Irrigation Association Calls for Clear and Workable Regulations
by Staff

The new WOTUS rule is schedule to go into effect on March 20.

The House Transportation and Infrastructure Committee has approved a joint resolution to overturn the Biden administration's rule on the Waters of the United States (WOTUS). The WOTUS rule has been challenged by lawmakers and more than 20 state attorneys general who argue that it represents "unnecessary bureaucratic overreach." The resolution would have to be approved by the full house of Representatives and the Senate before it could take effect. In addition to the committee's legislative approval, several industry associations have also shared their frustrations about the rule.

Ted McKinney, CEO of the National Association of State Departments of Agriculture, says the EPA's latest rule on defining "waters of the United States" is "a statement of significant federal overreach that ignores long-held states' authority to regulate intrastate water quality and with it, the Clean Water Act's statutory mandate for cooperative federalism."
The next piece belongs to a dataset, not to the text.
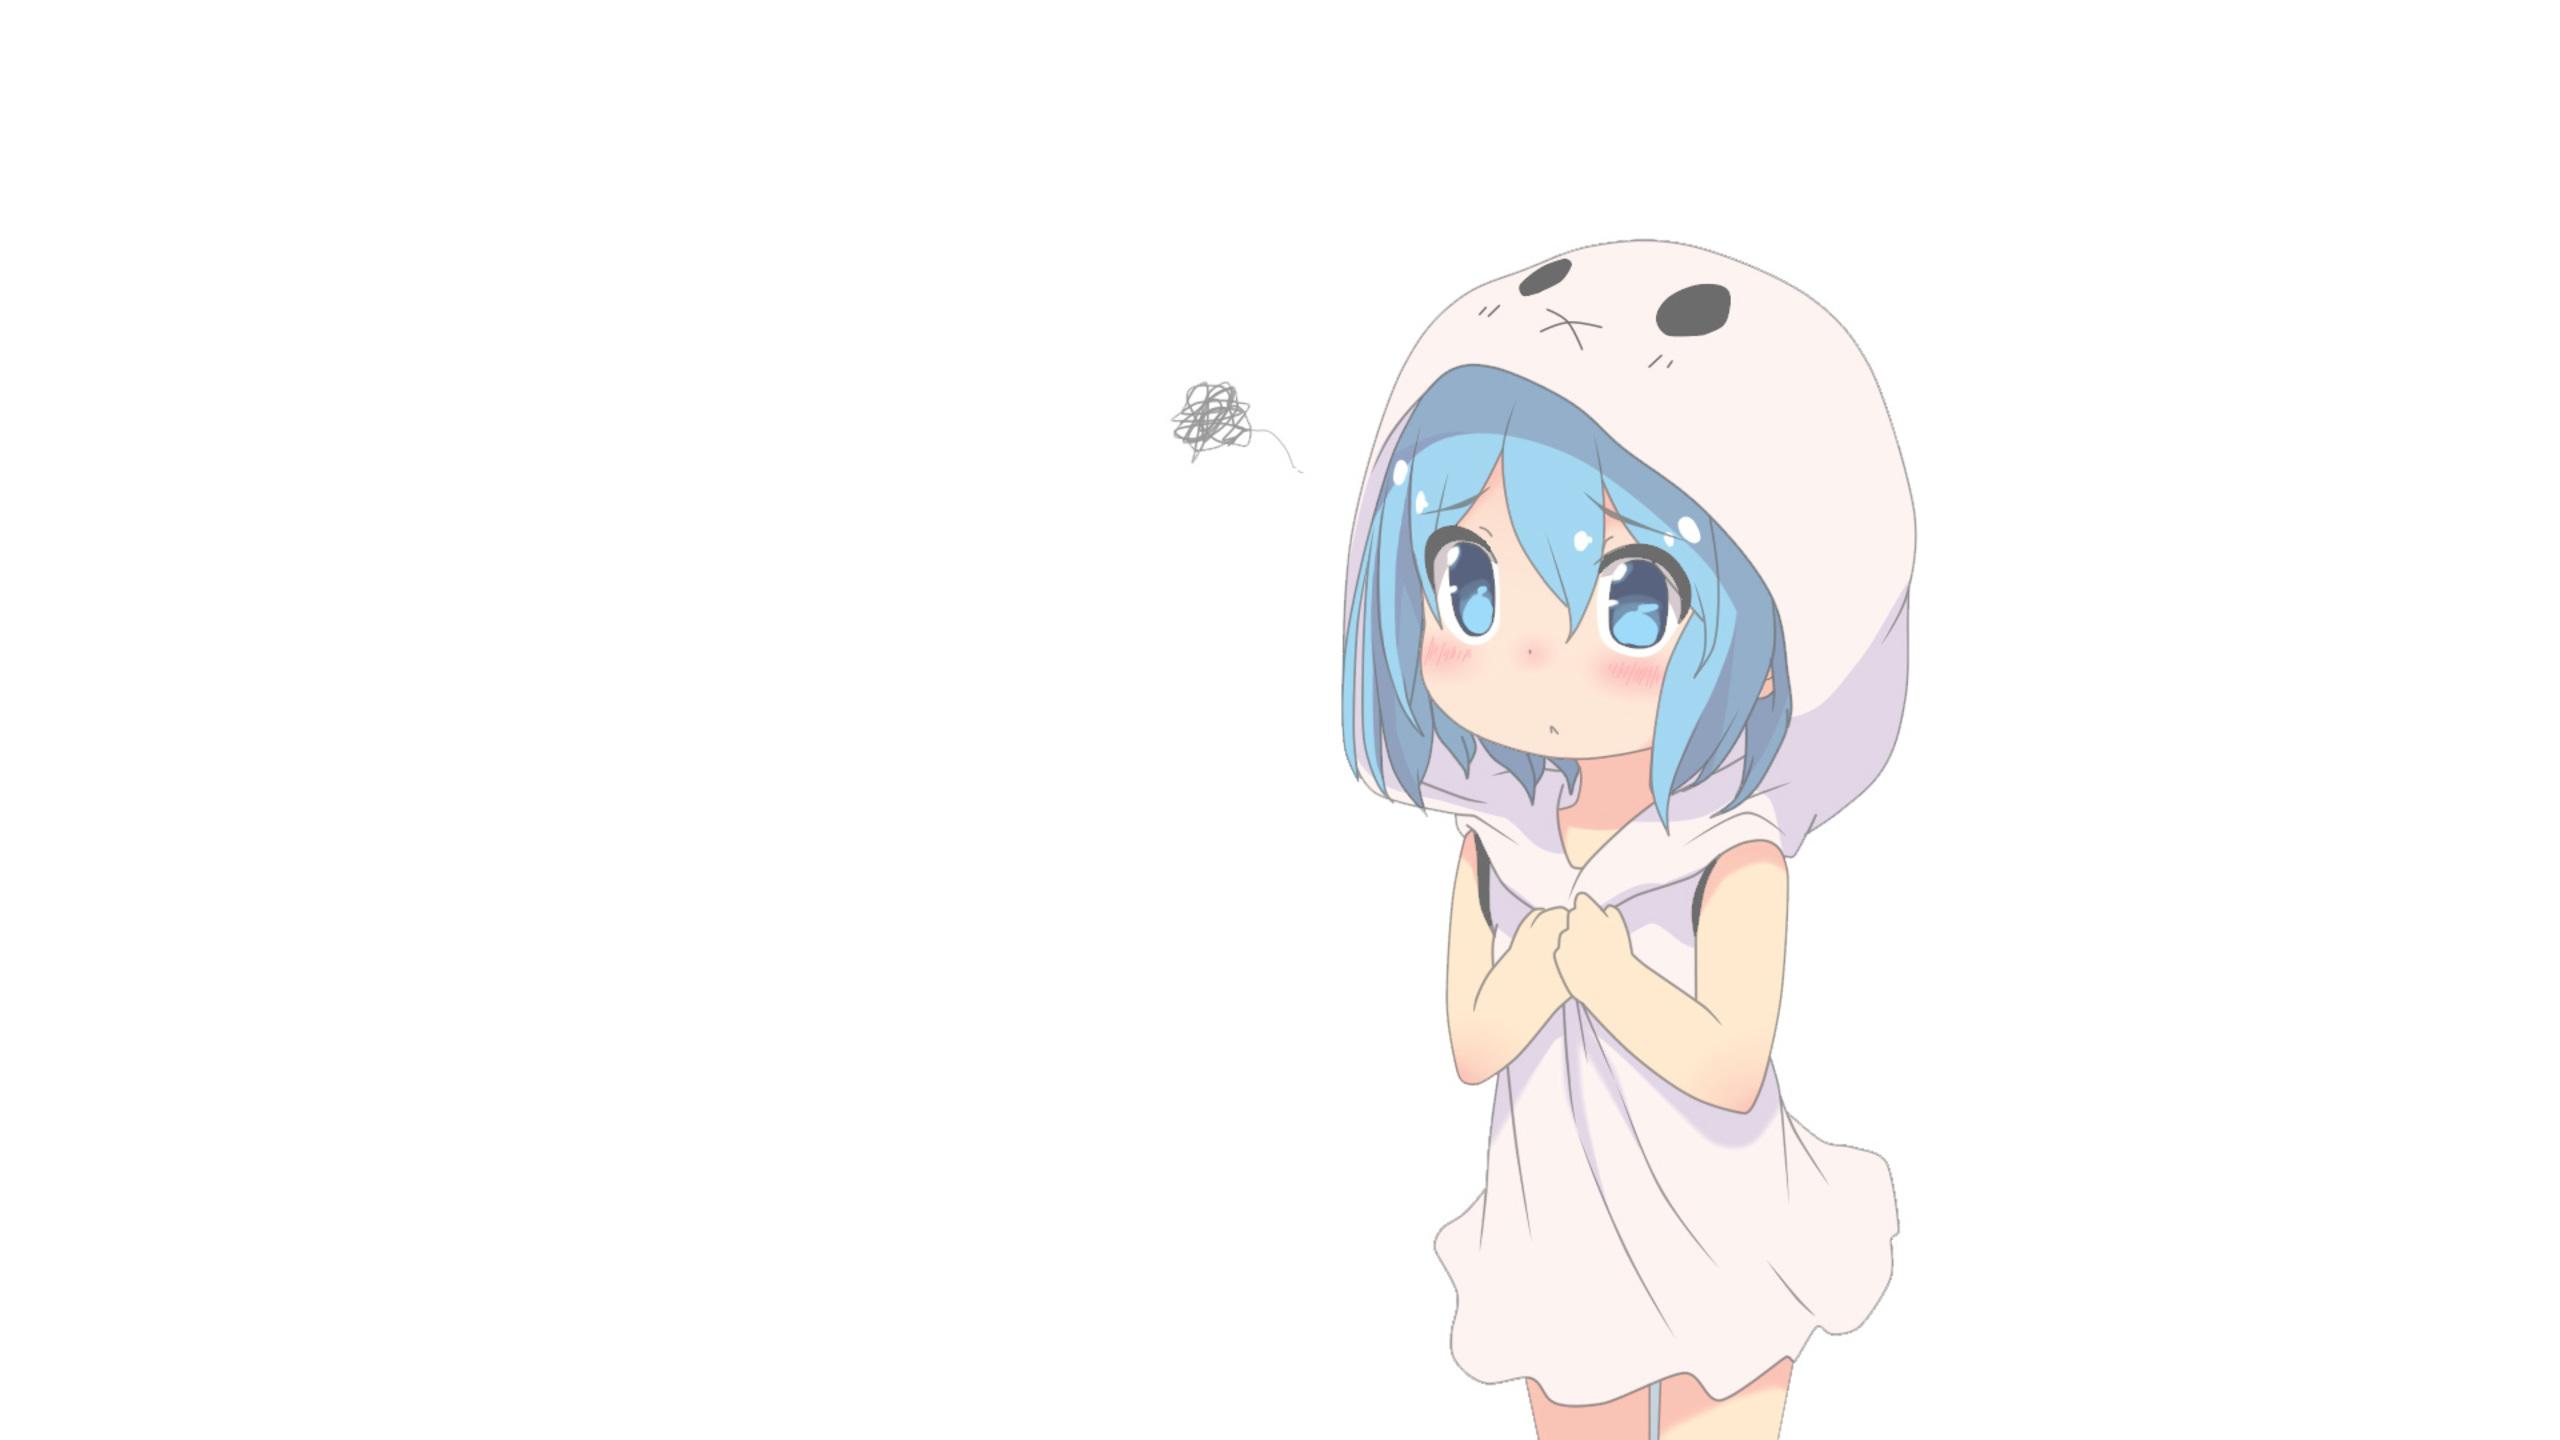 Cute Little anime Girl by Darkness8970 on DeviantArt

The National Association of Home Builders have also been vocal in their disapproval with the White House's WOTUS rule. NAHB Chairman Alicia Huey explained, "It makes no sense for human-made ditches and isolated ponds on private property to be subject to federal jurisdiction, but that's exactly what the WOTUS rule does under its intrastate waters category. Adding uncertainty and delay to the federal permitting process needlessly raises housing costs and defers badly needed affordable housing projects."

Find more information on the NAHB's stance on WOTUS here:

However, the EPA contends that the final rule "restores essential water protections that were in place prior to 2015 under the Clean Water Act." Michael Connor, assistant secretary of the Army for Civil Works, says that the rule's "clear and supportable definition of waters of the United States will allow for more efficient and effective implementation and provide the clarity long desired by farmers, industry, environmental organizations and other stakeholders."

Advocacy director for the Irrigation Association (IA), Nathan Bowman, suggests, "... it is imperative that those who work with water have a clear understanding of what constitutes federal jurisdiction and what does not, and that the scope of that jurisdiction protects our nations water resources while also being workable for irrigators."